Abstract

Measles outbreaks in 1999 in Queensland and Victoria, Australia, were caused by a novel strain of clade G virus (proposed name g3). Epidemiologic and molecular evidence supports independent circulation of this virus in Queensland, northern Australia, in addition to importation of the virus by East Timor refugees seeking safe haven in Australia.

Introduction

Strategies to reduce Measles virus (MeV) circulation in industrialized countries, such as aggressive vaccination campaigns targeting children, have proven successful.^[1] Nevertheless, through introduction from other geographic locations, the virus continues to cause outbreaks in industrialized countries in unvaccinated persons.

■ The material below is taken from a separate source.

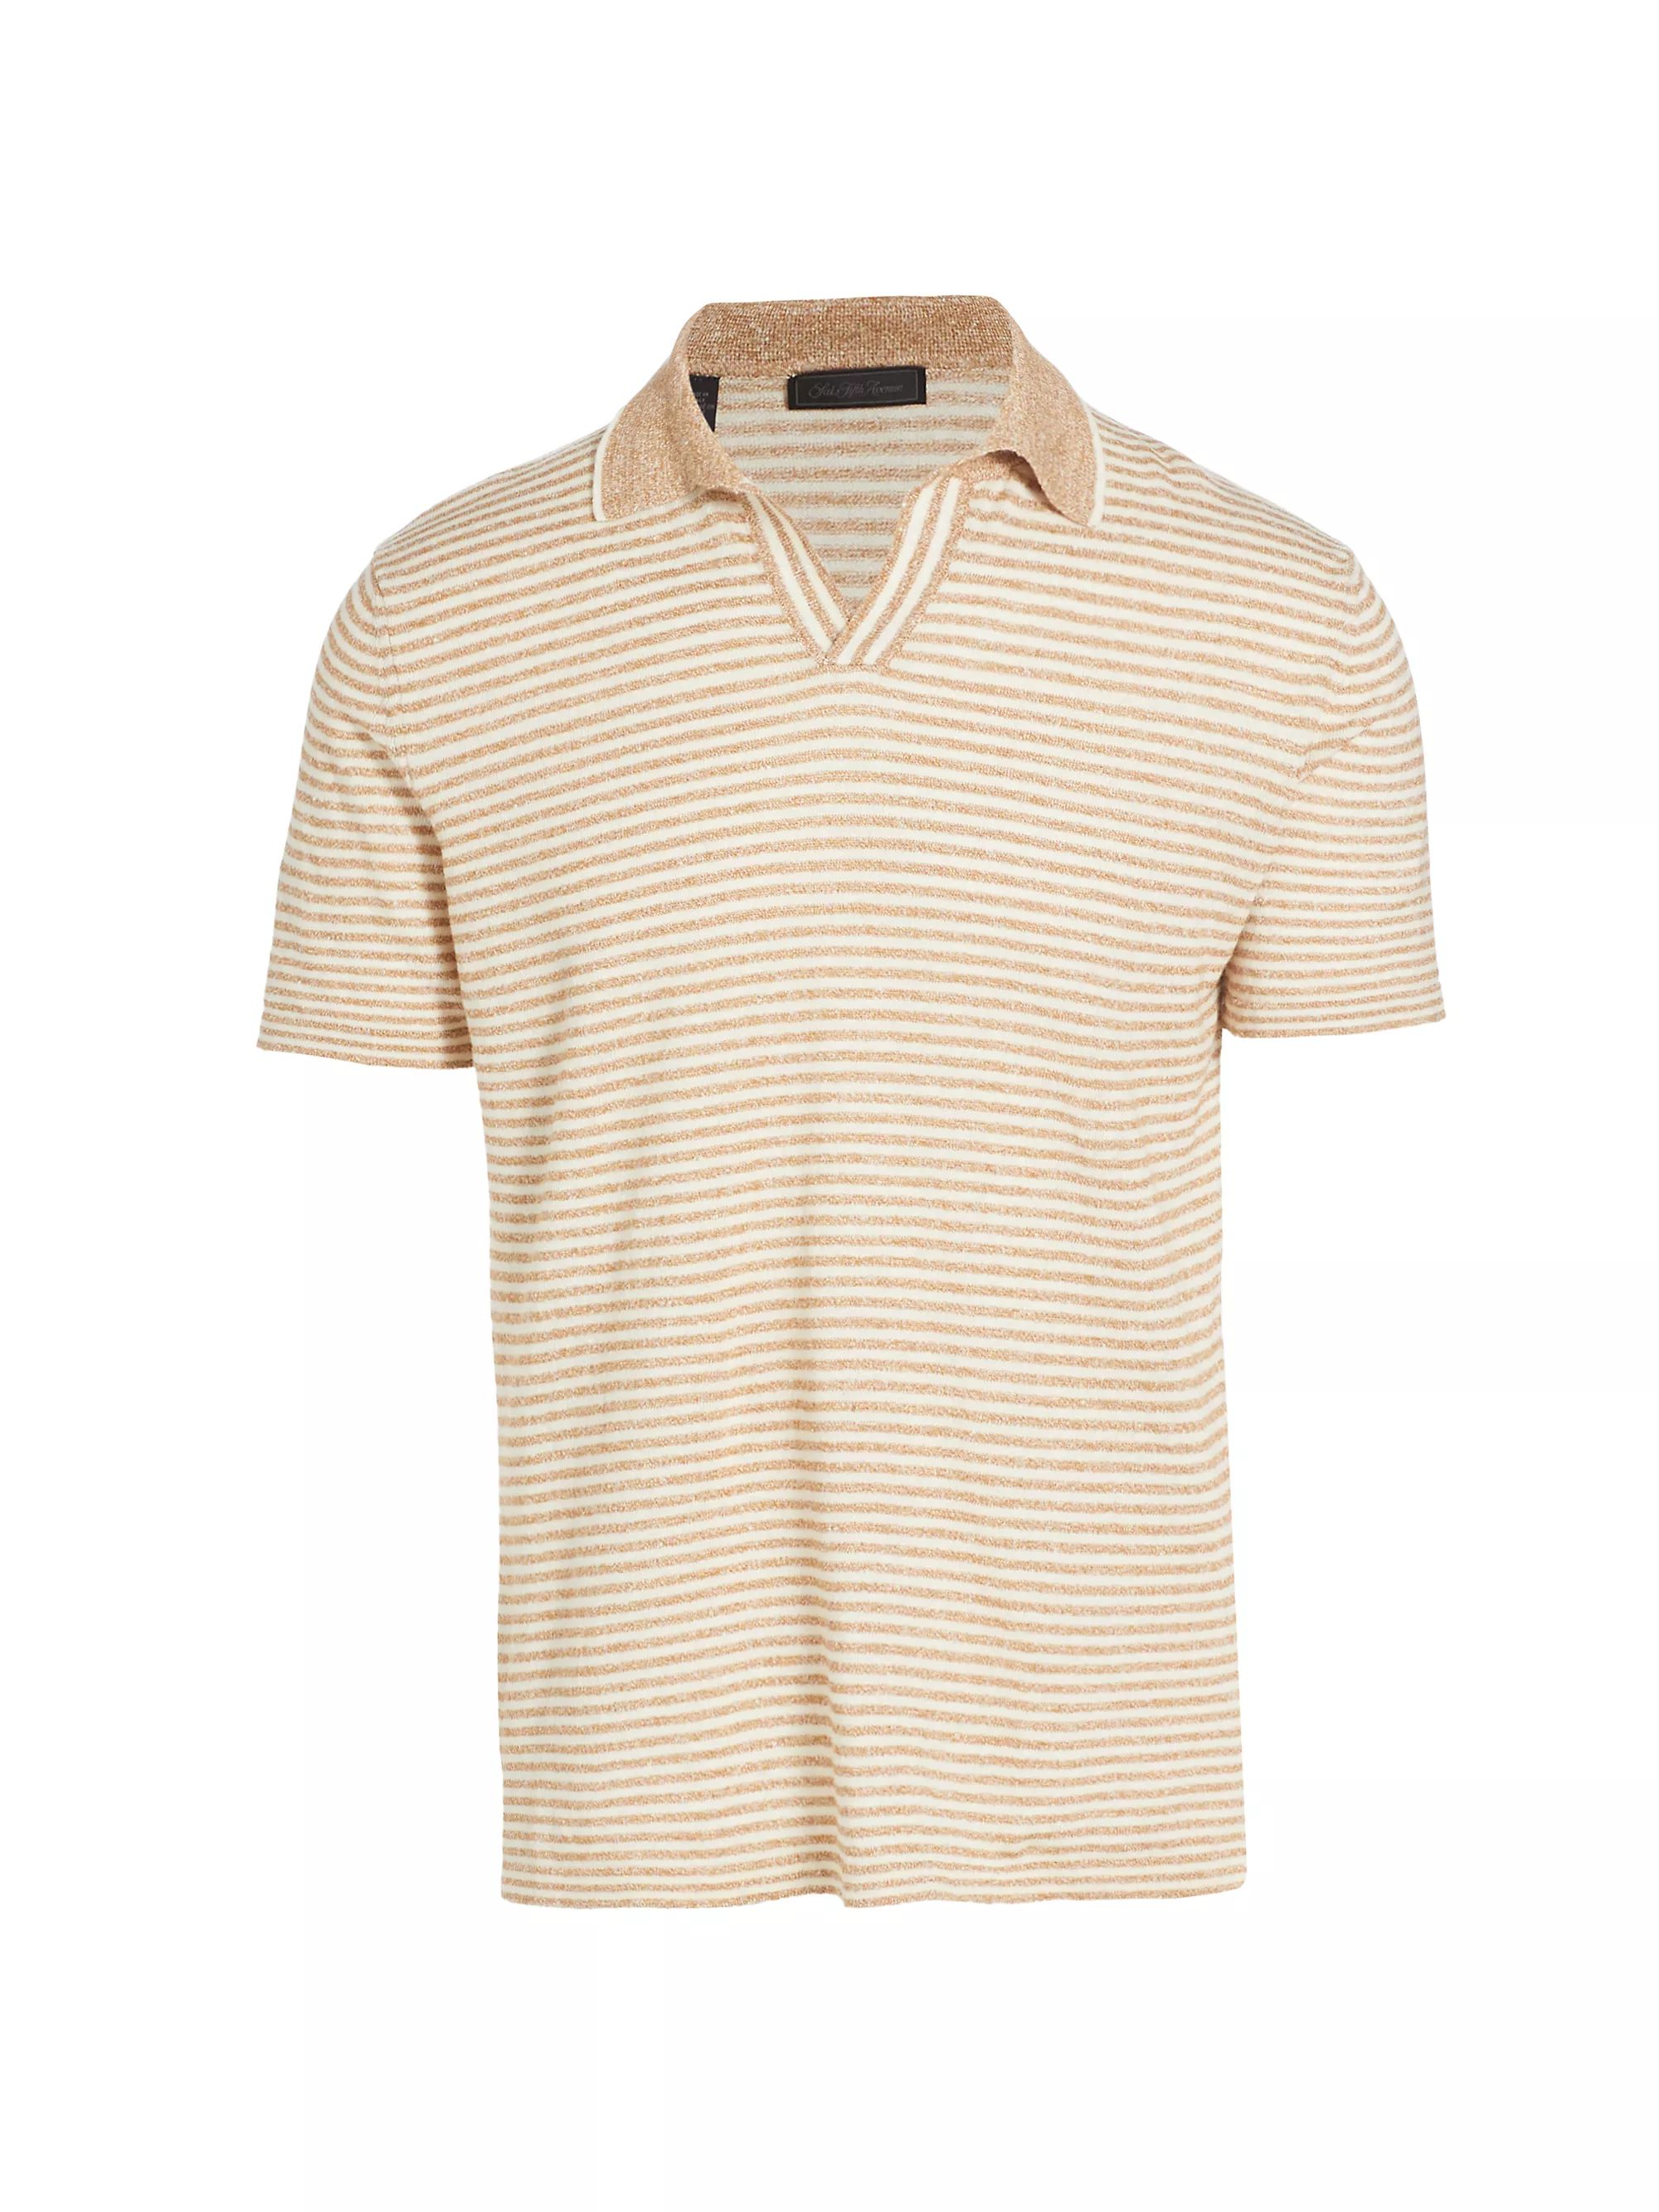 Shop Saks Fifth Avenue COLLECTION Beach Striped Linen &amp; Cotton Knit Polo Shirt | Saks Fifth A... | Saks Fifth Avenue

In Victoria, measles is a reportable disease, and an enhanced surveillance strategy has been operational since 1997. A registered nurse visits the homes of patients with reported cases to collect specimens for laboratory confirmation, by polymerase chain reaction or detection of MeV-specific immunoglobulin (Ig) M, of the clinical diagnosis and subsequent identification of the measles genotype.^[6] For other Australian states, specimens from laboratory-confirmed cases are sent to the WHO regional measles reference laboratory for the western Pacific Region.

Variable regions in the MeV genome include the hemagglutinin (H) and nucleoprotein (N) genes. The most variable region is the carboxyl-terminal end (450 nucleotides [nt]) of the N gene. A uniform nomenclature approved by World Health Organization (WHO) has existed since 1998 and is used in classifying and naming measles viruses. Currently, 20 genotypes and 1 proposed new genotype exist, encompassing eight clades designated A-H. Each clade contains MeV genotypes that are related by >/=2.5% nt divergence in the 450-bp carboxyl-terminal end of the N gene and 2% in the H gene.^[2] Clades are distinguished by greater nucleotide differences, location of nucleotides, and specific nucleotides shared in genotypes of a particular clade.

Until recently, MeV strains belonging to clade G had not been detected for >15 years, and the lineage was considered to be either extinct or inactive.^[3] However, retrospective sequence analysis of a measles strain isolated from an immunocompromised infant from the Netherlands, who had been infected in Indonesia in 1997, and of measles strains associated with outbreaks in Indonesia and Malaysia in 1999 have demonstrated that this genotype has circulated in the intervening period.^[4-5] We describe the circulation of a novel genotype of MeV in Australia and investigate its likely origin.